Step 5 — Run QA analysis with Code Interpreter + alerts

There's no separate agent to register. The Responses API takes the instructions and the tools — code_interpreter (for the statistical checks) and a send_alert function tool — on each call. Code Interpreter runs its tool loop server-side; only the custom send_alert function needs a round-trip from your code.

# Responses API tools: Code Interpreter + a custom function tool.
# Function tools are FLAT in the Responses API (no nested "function" key).
TOOLS = [
    {"type": "code_interpreter", "container": {"type": "auto"}},
    {
        "type": "function",
        "name": "send_alert",
        "description": "Send a data quality alert when anomalies exceed thresholds.",
        "parameters": {
            "type": "object",
            "properties": {
                "severity": {"type": "string", "enum": ["critical", "warning", "info"]},
                "anomaly_type": {"type": "string"},
                "pipeline_name": {"type": "string"},
                "details": {"type": "string"},
            },
            "required": ["severity", "anomaly_type", "pipeline_name", "details"],
        },
    },
]

INSTRUCTIONS = (
    "You are a data pipeline QA analyst. Given current run statistics and "
    "historical baseline, perform anomaly detection.\n\n"
    "Use the python (code_interpreter) tool to run these checks:\n"
    "1. Row count deviation: flag if >20% from baseline average\n"
    "2. Null rate spike: flag if any column null rate increased >5 percentage points\n"
    "3. Schema drift: flag if schema hash differs from baseline\n"
    "4. Duration anomaly: flag if run took >50% longer than baseline average\n\n"
    "Compute z-scores for row count and duration.
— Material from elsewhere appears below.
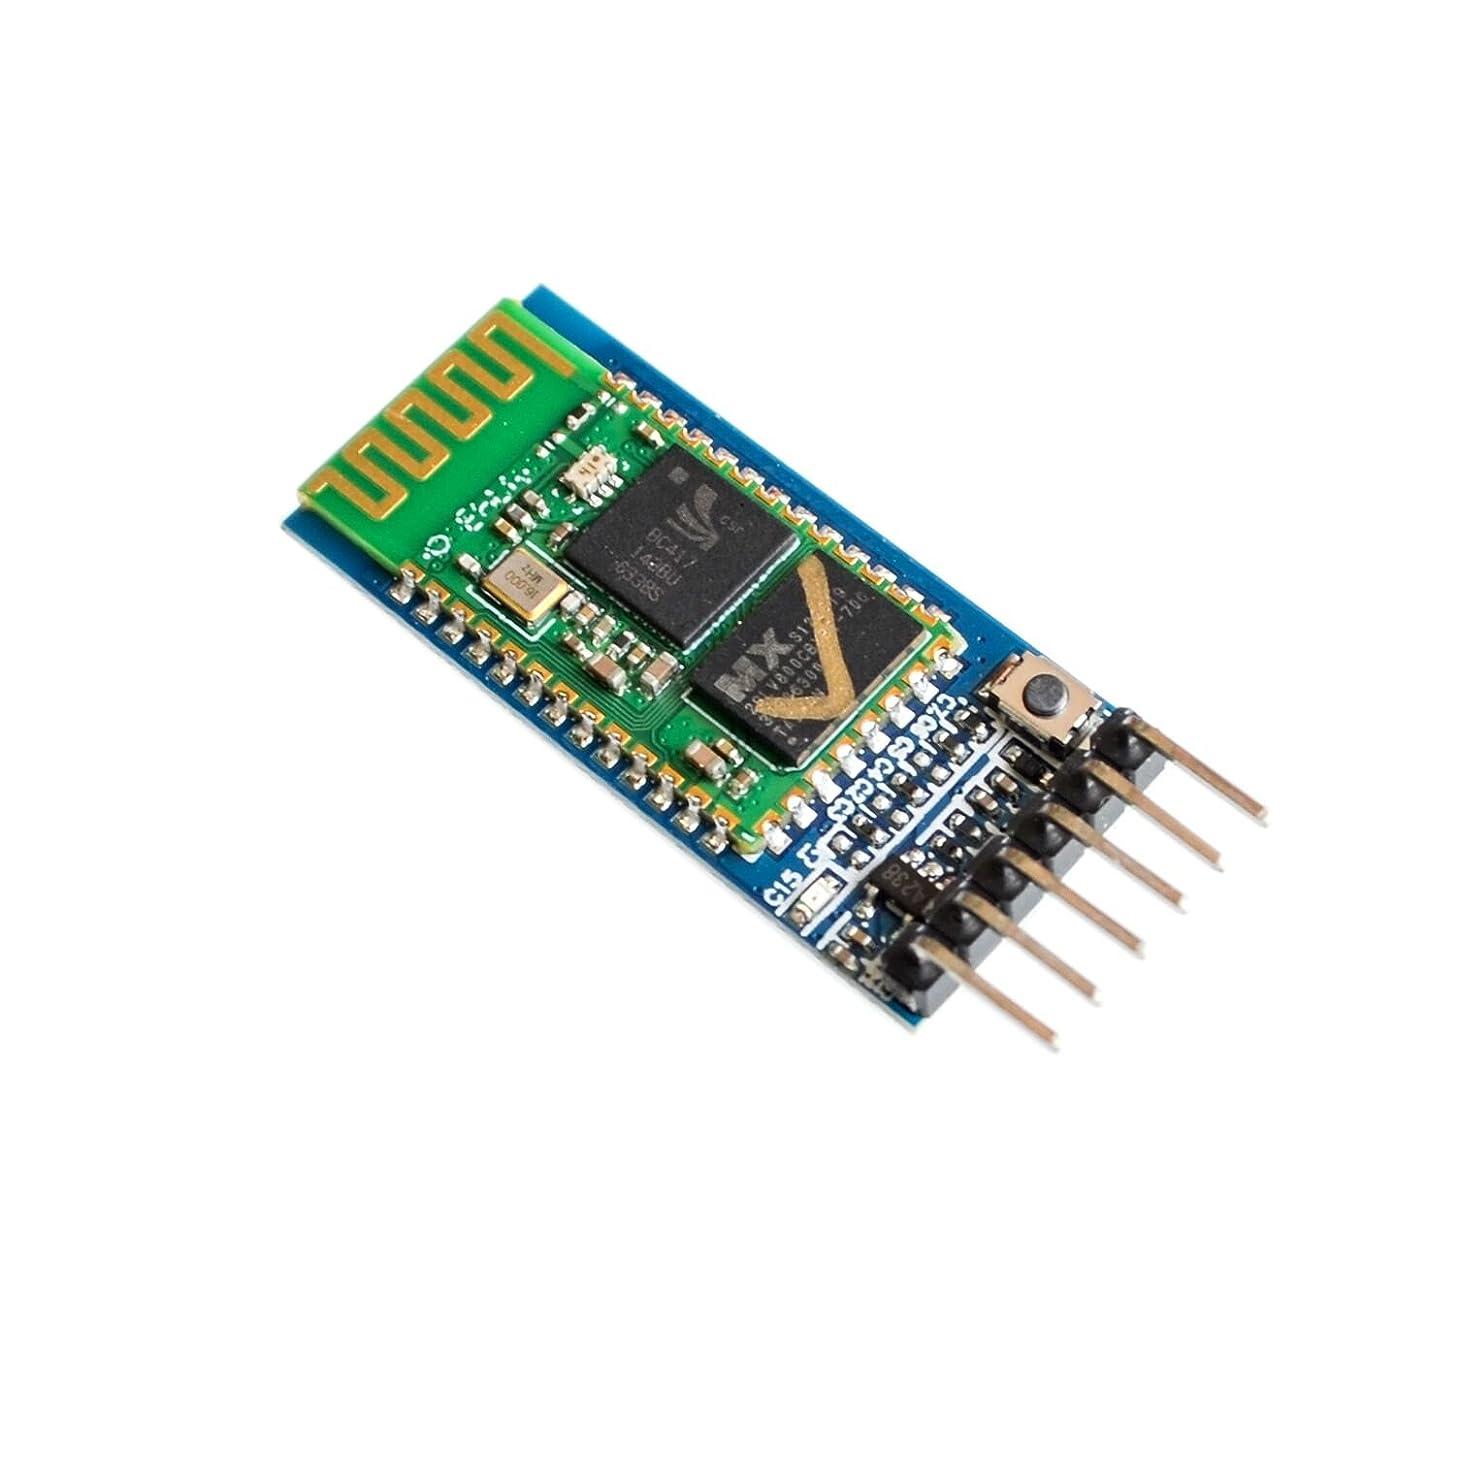 解明ビジョンセクションMayata 20セット/ロット JY-MCU アンチリバース、統合Bluetoothシリアルパススルーモジュール、ワイヤレスシリアル、HC-05、マスタースレーブ6ピン

Generate a QA report as markdown.\n\n"
    "If any check fails with severity WARNING or higher, call send_alert()."
)


def send_alert(severity: str, anomaly_type: str, pipeline_name: str, details: str) -> str:
    """Real alert: POST to Teams webhook or Azure Monitor."""
    webhook_url = os.environ.get("TEAMS_WEBHOOK_URL")
    if webhook_url:
        import urllib.request
        payload = json.dumps({
            "@type": "MessageCard",
            "summary": f"Data Quality Alert: {pipeline_name}",
            "themeColor": "FF0000" if severity == "critical" else "FFA500",
            "sections": [{
                "activityTitle": f"[{severity.upper()}] {anomaly_type}",
                "activityText": f"Pipeline: **{pipeline_name}**\n\n{details}"
            }]
        }).encode()
        req = urllib.request.Request(webhook_url, data=payload,
                                     headers={"Content-Type": "application/json"})
        urllib.request.urlopen(req)
    logger.warning(f"ALERT [{severity}] {pipeline_name}: {anomaly_type} — {details}")
    return json.dumps({"sent": True, "severity": severity})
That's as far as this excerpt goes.